* [EXERCISE]
Only the lines from the top of the listing below to the line that has "This photo shows" should be echoed, with both ends kept and pictures left out.

* [DATA BELOW]
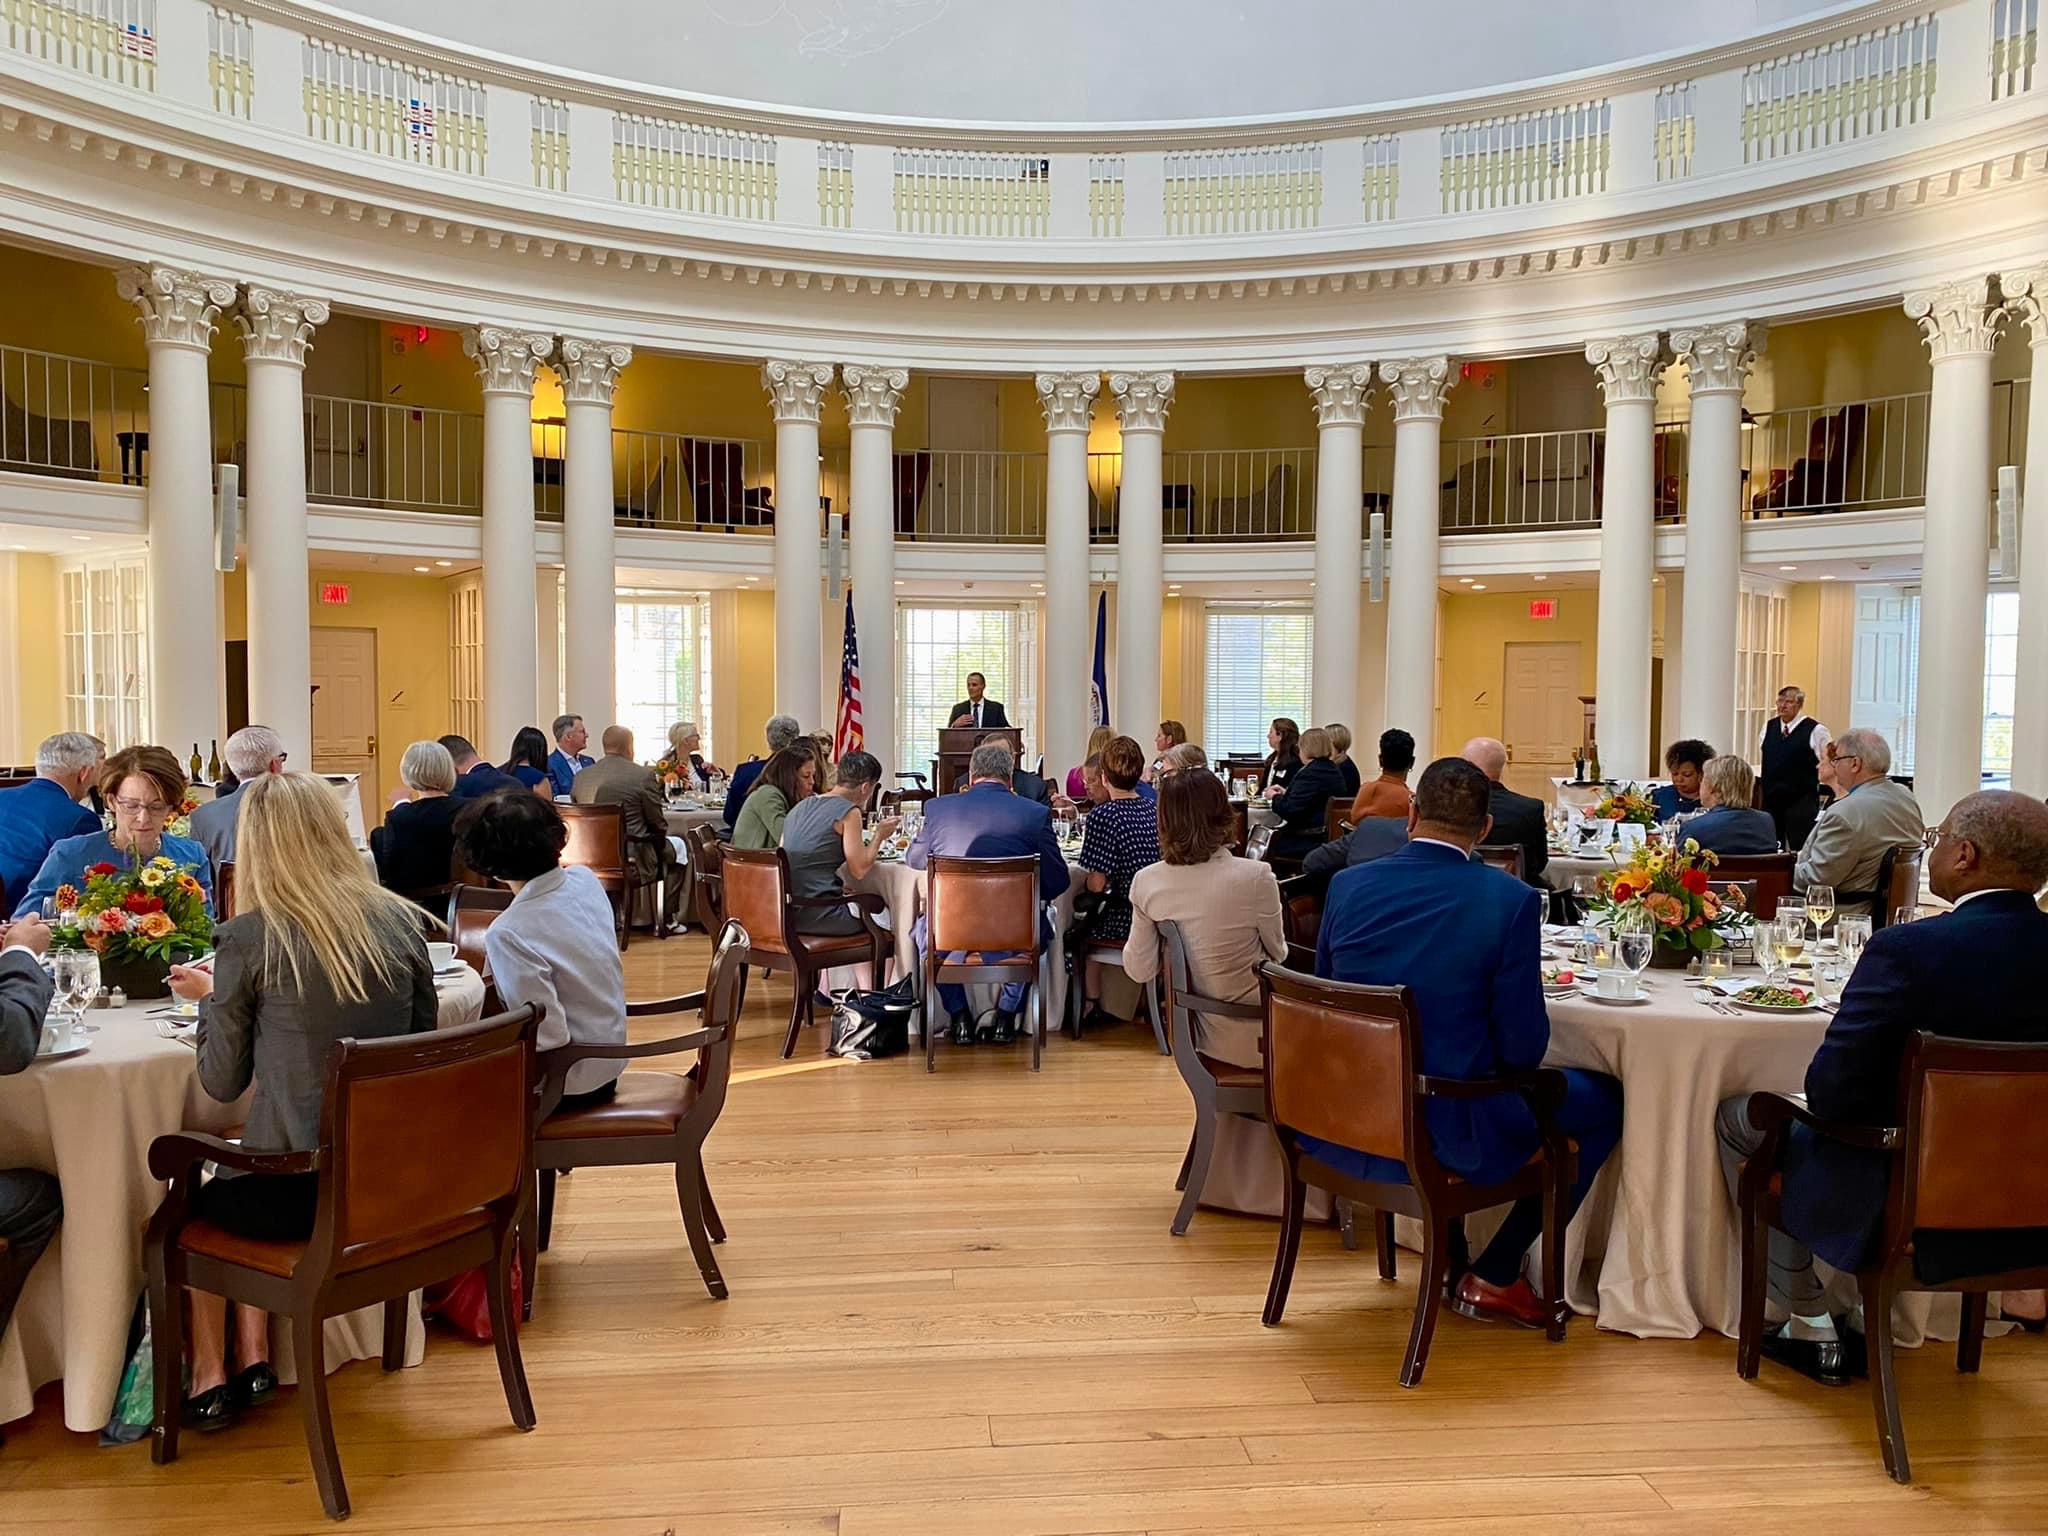 Members of the State Council of Higher Education for Virginia and the Council of Presidents dine with UVA leaders in the Dome Room
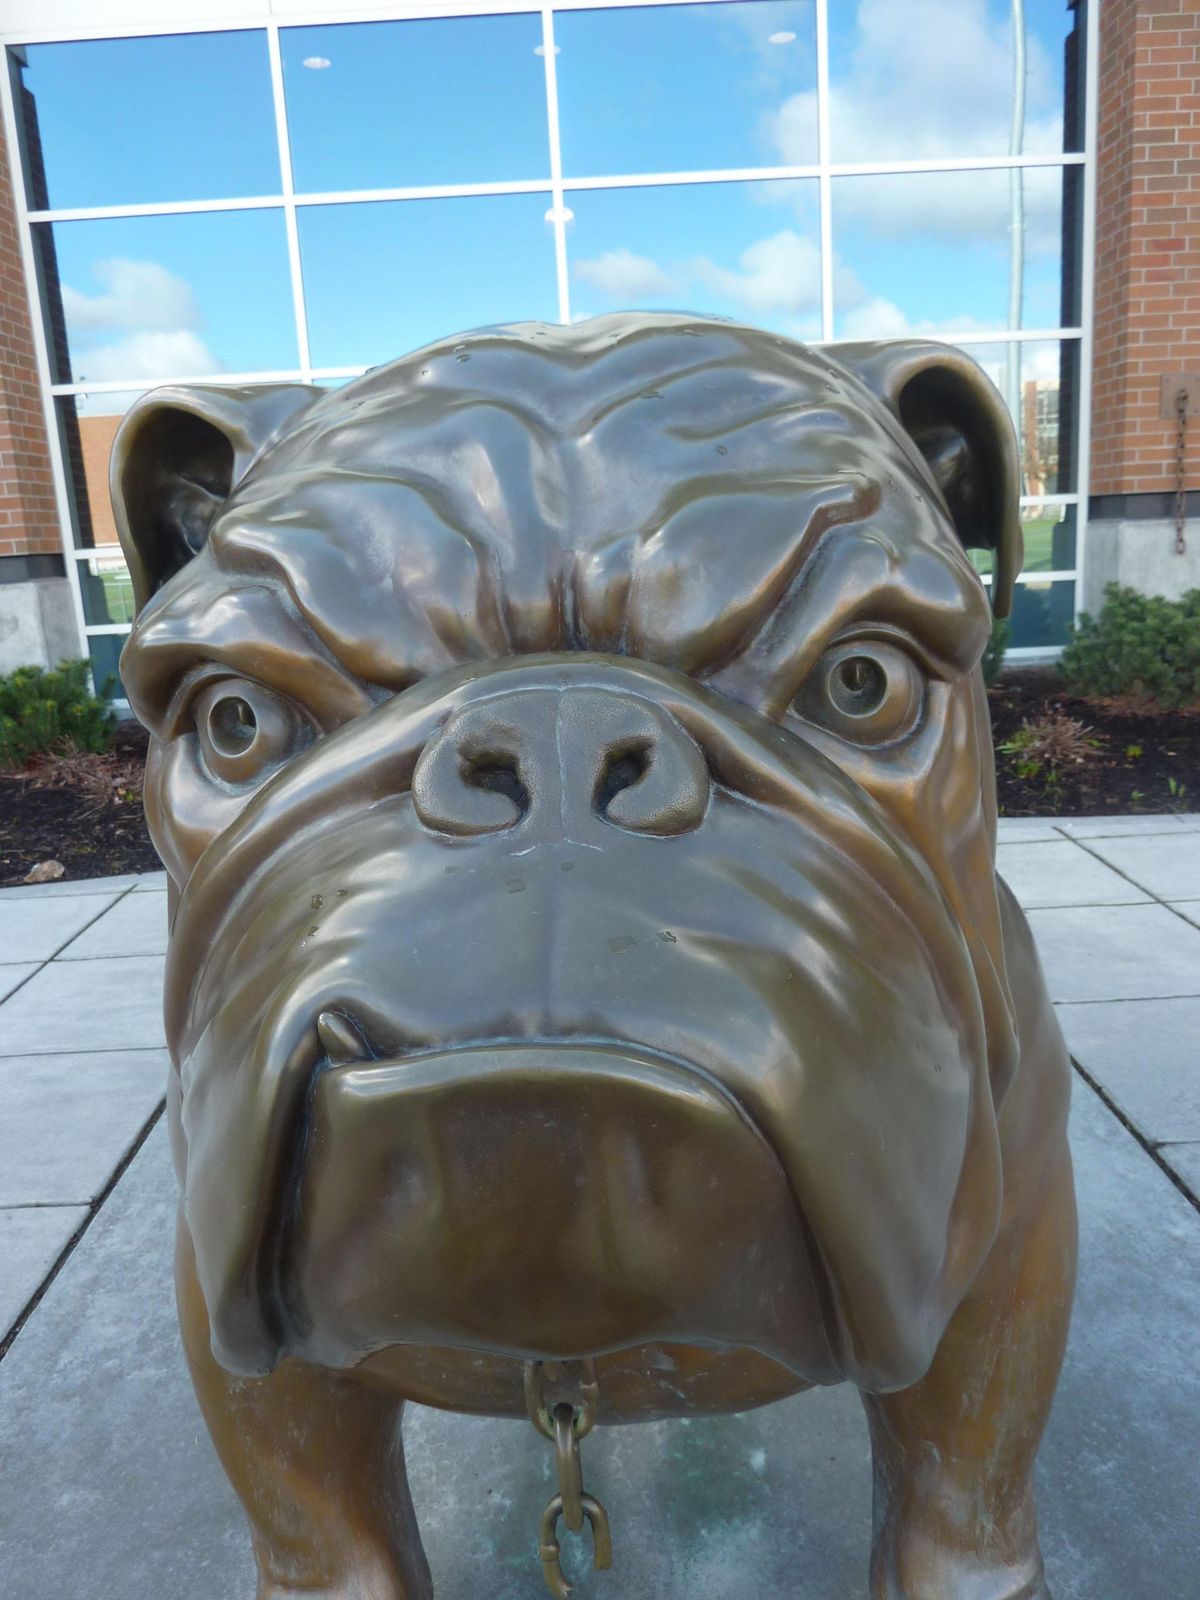 This photo shows the overall conformation of Vincent De Felice’s bulldog, and its facial features including a protruding tooth. (Stefanie Pettit Special to The Spokesman-Review)
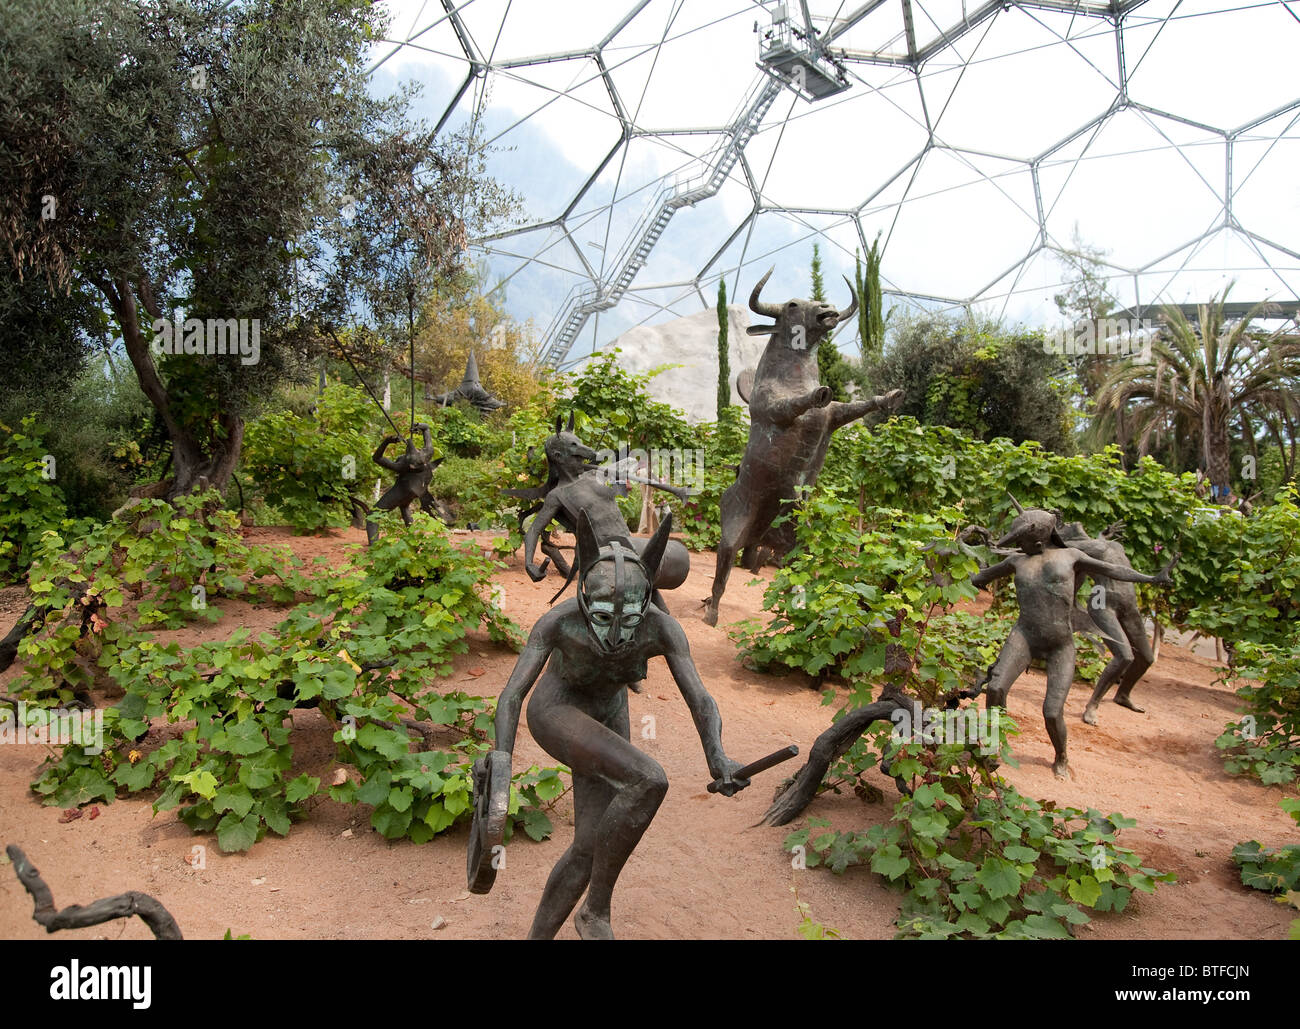 Life size sculpture of Greek God Dionysus and the priestesses musicians Maenad, by Tim Shaw, Eden Project, Cornwall, UK Stock Photo

* [TASK RESPONSE]
 Members of the State Council of Higher Education for Virginia and the Council of Presidents dine with UVA leaders in the Dome Room
 This photo shows the overall conformation of Vincent De Felice’s bulldog, and its facial features including a protruding tooth. (Stefanie Pettit Special to The Spokesman-Review)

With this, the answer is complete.